In 2014, I found myself waist-deep in fabric bolts, Danish dictionaries, and Enlightenment philosophy. We were preparing the Chicago premiere of Maskarade, Carl Nielsen’s effervescent comedy and the Danish national opera. The project grew from a Danish cultural grant I’d helped secure for VOX 3 Collective — but it became something larger: a full festival of music and masquerade, a dialogue between centuries, and a living reminder of why art flourishes most when it crosses borders.
The Idea

Maskarade (1906) was Nielsen’s attempt to reclaim laughter for Danish opera. His source was Ludvig Holberg’s 1724 play Mascarade, a social satire celebrating equality, disguise, and joy. Holberg, Denmark’s Enlightenment playwright, believed that comedy could reform society better than sermons. Nielsen’s score took that conviction and set it to music — blending folk tunes with courtly arias, parodying opera itself while honoring it.
When I first proposed the project, few people in Chicago had heard of the piece. Even fewer had sung a word of Danish. But the story — of a father who forbids his son to attend masked balls, only to discover that disguise frees people to see one another clearly — felt universal. With support from the Chicago Community Trust and our partners at the Swedish American Museum and Danish Pioneer, we decided to stage Maskarade as the centerpiece of a broader festival: Music & Masquerades, exploring four hundred years of Danish art and sound.
The Festival
The festival ranged from 17th-century Baroque sacred works — Pedersøn, Buxtehude, Telemann’s lone Danish cantata — to 19th-century Scandinavian art songs by Grieg, Sibelius, and the often-overlooked Danish masters. Each concert was paired with lectures, dinners, and book discussions. The idea was to recreate the texture of a culture rather than a single concert season — to let audiences taste, hear, and converse their way through Denmark’s musical past.
Children’s programs at local libraries introduced Hans Christian Andersen stories and folk songs, while Kierkegaard’s Fear and Trembling brought philosophers and musicians to the same table. The project culminated in a dinner event, The Sounds of Scandinavia, at the Swedish American Museum, where music, language, and conversation intertwined over smørrebrød and aquavit.
The Opera

But Maskarade remained the heart of it all. Mounted at the Vittum Theater, it involved a cast of thirty, an orchestra of twenty-four, and an untranslatable amount of men’s tailoring — most of which, by some twist of fate, I handled myself. Every cuff and waistcoat seemed to mirror the opera’s duality: refined artifice and honest laughter.
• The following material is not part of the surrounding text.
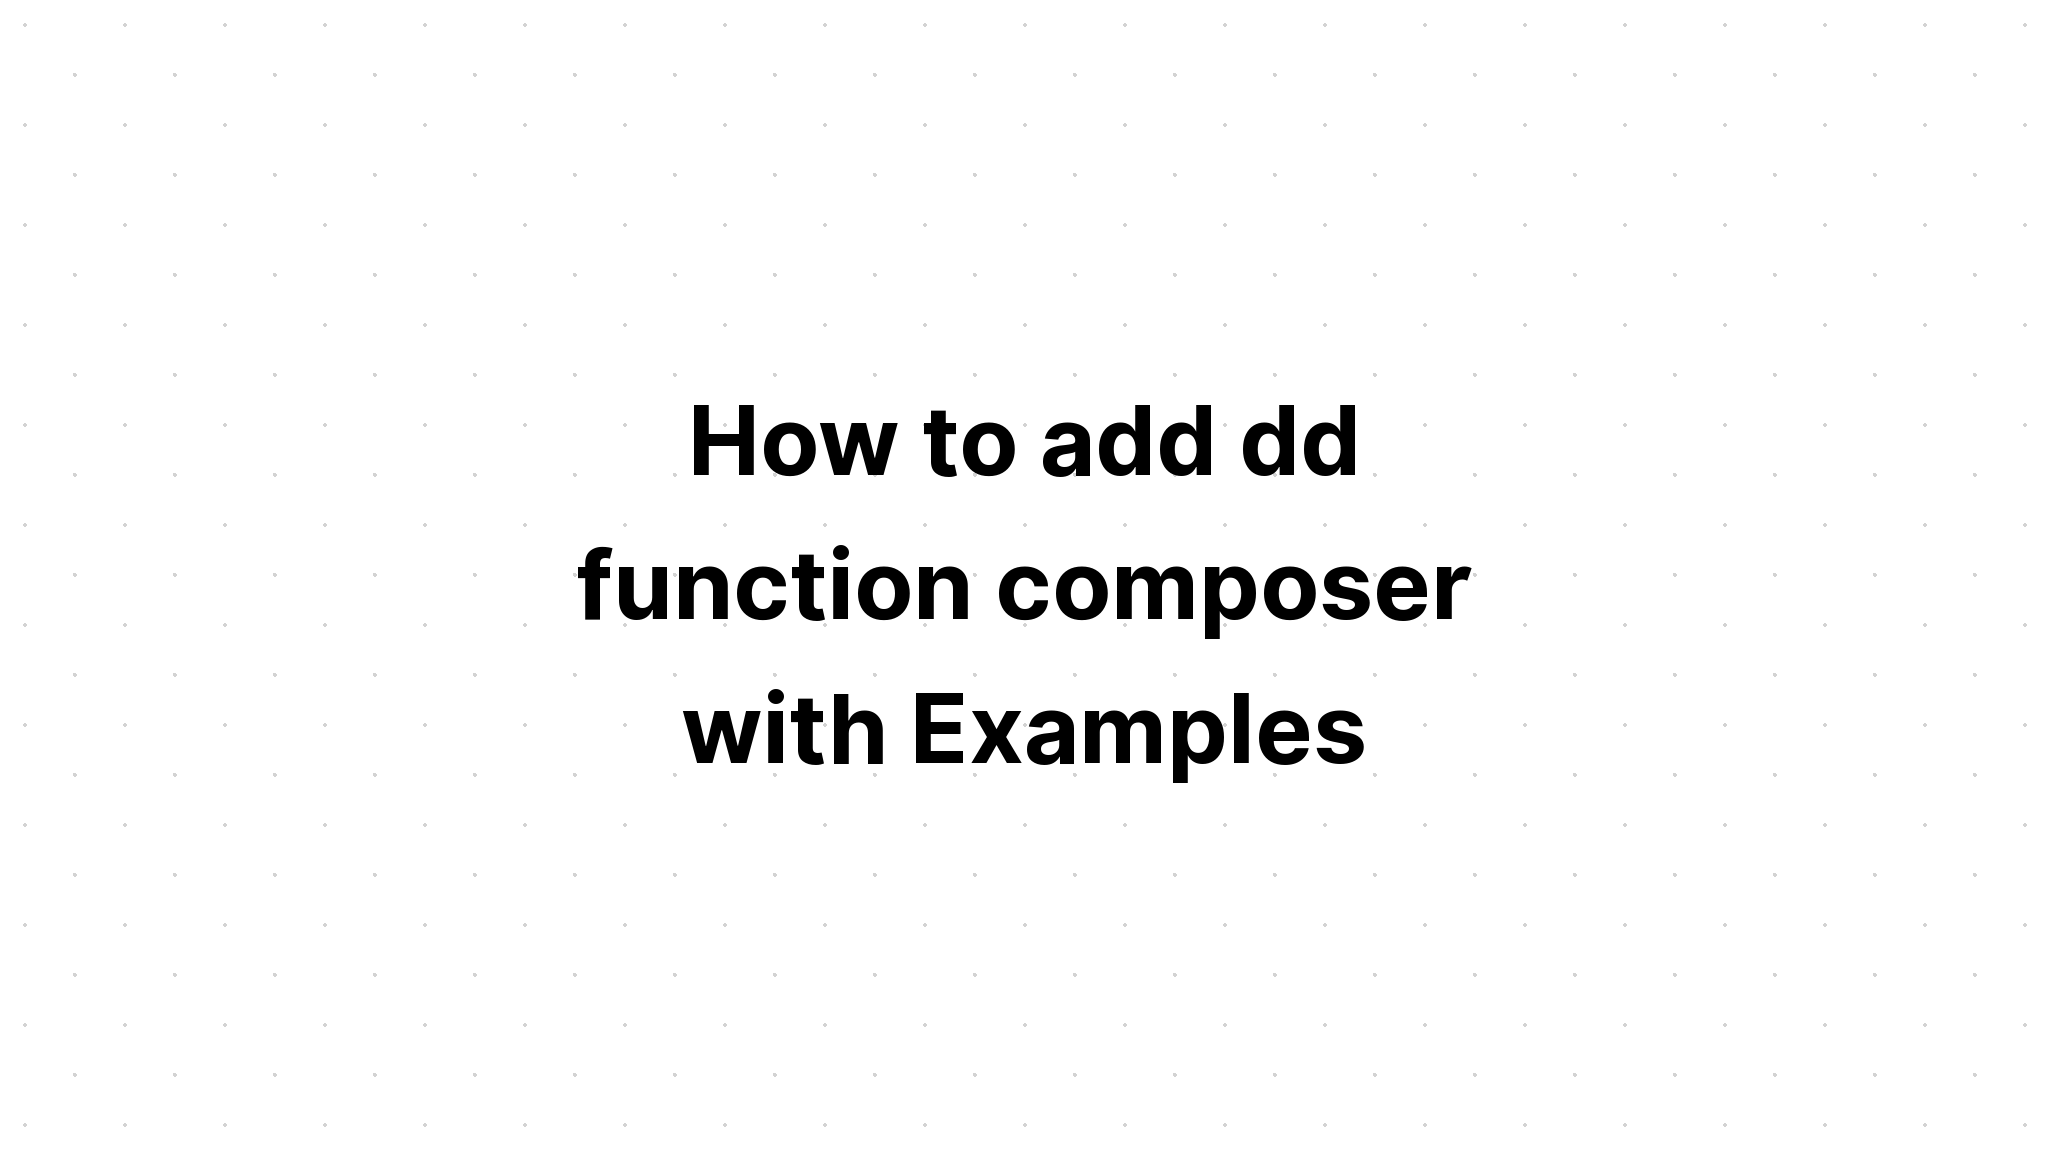 Bagaimana cara menambahkan komposer fungsi dd dengan Contoh

Learning Danish was its own adventure. For weeks, the rehearsal room buzzed with the guttural Rs and soft Ds that make the language sound like “Swedish with mashed potatoes in your mouth,” as one cast member joked. Yet once inside Nielsen’s vocal writing, the sounds began to make sense. His rhythms taught us the language as much as any diction coach.
Our singers came to love the humor and humanity of the score. We rehearsed for months in the basement of a Ravenswood church, learning the diction, playing with the characters, just enjoying each other’s company, always with the sense that we were doing something fun and slightly crazy. Nielsen’s characters are recognizably flawed, exuberant, and hopeful — Enlightenment everymen who want to live freely and love boldly. The audience’s laughter confirmed it: even those who couldn’t understand a word of Danish understood everything essential.
The Impact
More than 700 people attended the opera and its companion concerts. For many, it was their first exposure to Danish language or culture. Members of Chicago’s Danish community were visibly moved to hear Americans singing their native tongue with care and conviction. Critics, too, responded warmly: Chicago Classical Review called Maskarade the city’s “Most Ambitious Opera Production” of 2014, while WFMT’s Andrew Patner described our VOX 3 Collective as “the best of serious independent artists.”
But what mattered most to me was the spirit in the room — the collective act of discovery. Maskarade was written about equality at a masquerade; our production enacted it. Performers built sets, volunteers sewed costumes, and audiences met us eye to eye. It was, in a way, the realization of everything storefront opera means: art returned to the people, not distant but shared.